A court challenge wasn’t open to Snowden either. Glenn Greenwald, who published Snowden’s leaks in the Guardian, notes that for years the ACLU has tried to challenge the surveillance programs in court on Fourth Amendment grounds, but the Obama administration has blocked the effort by arguing that the ACLU has no standing to bring the suit. It’s a classic Catch-22. Since the surveillance is secret, no one can know if he has been spied on. But if no one knows, no one can go into court claiming to be a victim, and the government will argue that therefore the plaintiff has no standing to challenge the surveillance. Well played, Obama administration.

The administration should not be allowed to get away with the specious claim that telling its secrets to a few privileged members of Congress is equivalent to informing the people. It is not. It’s merely one branch of government telling some people in another branch. Calling those politicians “our representatives” is highly misleading.

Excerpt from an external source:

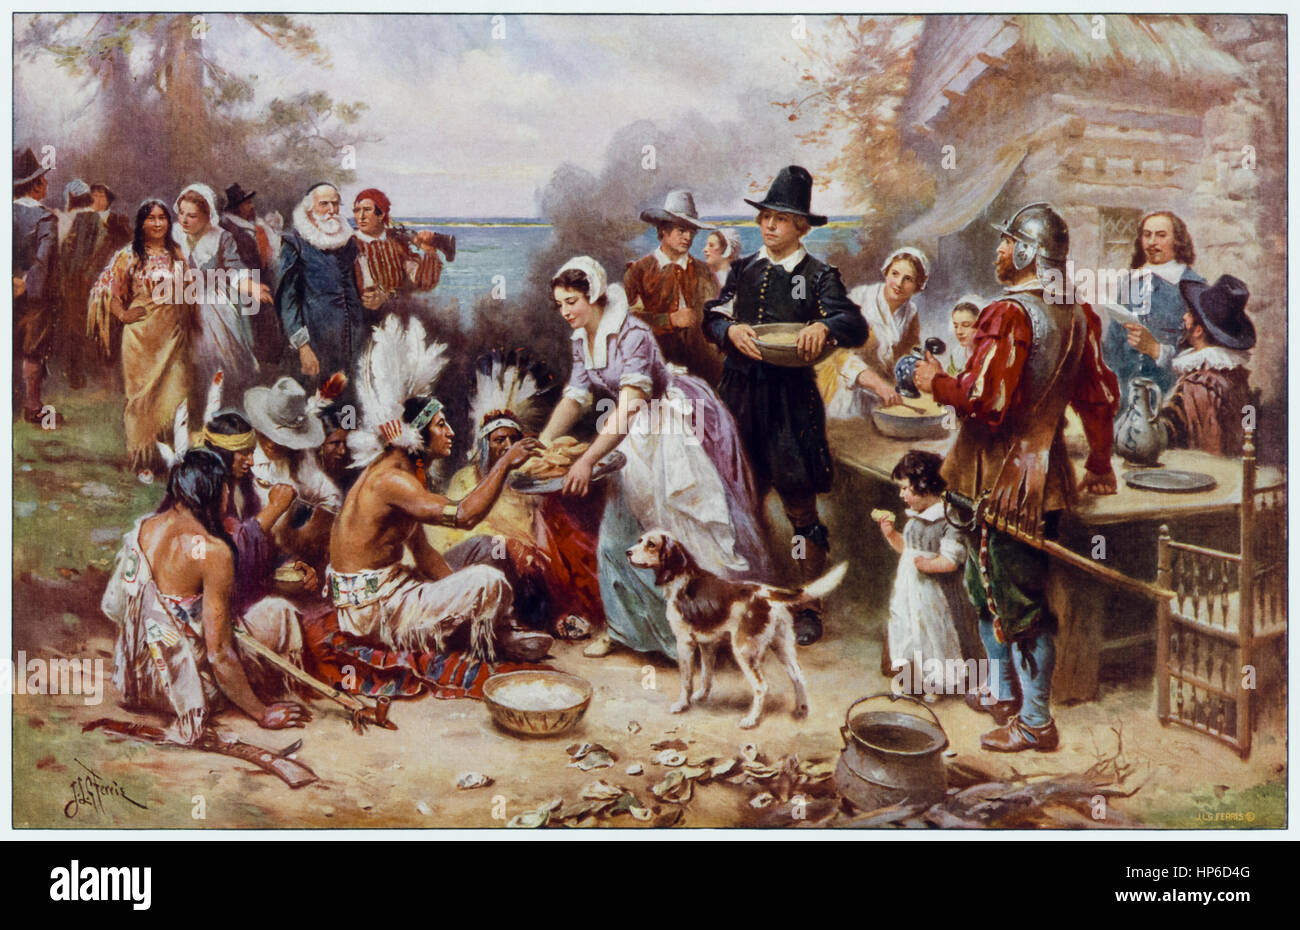 "La première action de grâce 1621" par Jean Leon Gerome Ferris (1863-1930) artiste américain qui a peint de nombreuses scènes de l'histoire américaine ; dans cette scène idéalisée des Amérindiens et pèlerins partagent un repas. Banque D'Images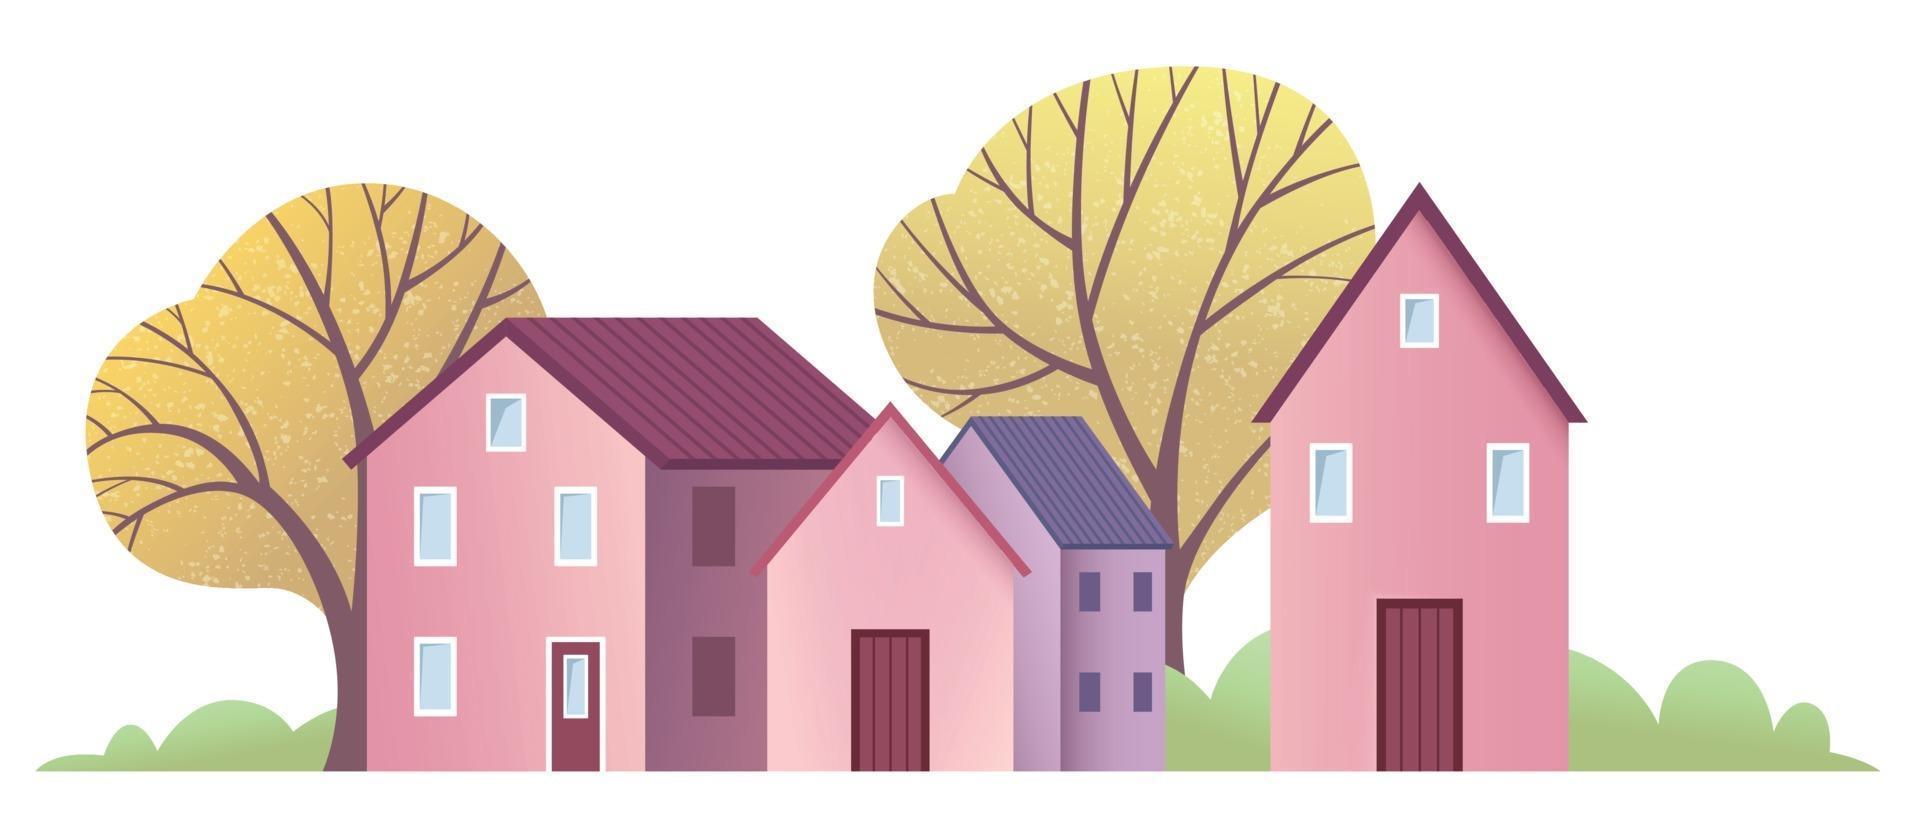 klein stadje met schattige roze en paarse huizen met herfstbomen vector

In what sense do they actually represent us?

Equally specious is the assertion that the NSA can’t monitor particular people without court authorization. The secret FISA court is a rubber stamp.

When Obama ran for president in 2008, he said Americans shouldn’t have to choose between privacy and security. Now he says that “one of the things that we’re going to have to discuss and debate is how are we striking this balance between the need to keep the American people safe and our concerns about privacy? Because there are some tradeoffs involved.”

What do you take us for, Mr. President? Do you say whatever serves your momentary interest?

It’s outrageous for Obama to say he welcomes this debate — when his regime is plotting to capture and prosecute the heroic whistleblower who made it possible.

The debate would be bogus anyway. No one has a right to make a security/privacy tradeoff for you. Our rights should not be subject to vote, particularly when a ruling elite ultimately will make the decision — out of public view!

Americans have learned nothing from the last 40 years if they have not learned that the executive branch — regardless of party — will interpret any power as broadly as it wishes. Congressional oversight is worse than useless; it’s a myth, especially when one chamber is controlled by the president’s party and the other chamber’s majority embraces big government as long as it carries a “national security” label.

Obama says, “If people can’t trust not only the executive branch but also don’t trust Congress and don’t trust federal judges to make sure that we’re abiding by the Constitution, due process and rule of law, then we’re going to have some problems here.”

That’s wrong. If the politicians’ only response to revelations that they’re violating our privacy is to ask for trust, then we already have problems.

This column originally appeared at The Future of Freedom Foundation.

WASHINGTON — The American Civil Liberties Union sued the Obama administration on Tuesday over its “dragnet” collection of logs of domestic phone calls, contending that the once-secret program — whose existence was exposed last week by a former National Security Agency contractor — is illegal and asking a judge to stop it and order the records purged.

The lawsuit could set up an eventual Supreme Court test. It could also focus attention on this disclosure amid the larger heap of top secret surveillance matters revealed by Edward J. Snowden, the former N.S.A. contractor who came forward Sunday to say he was their source.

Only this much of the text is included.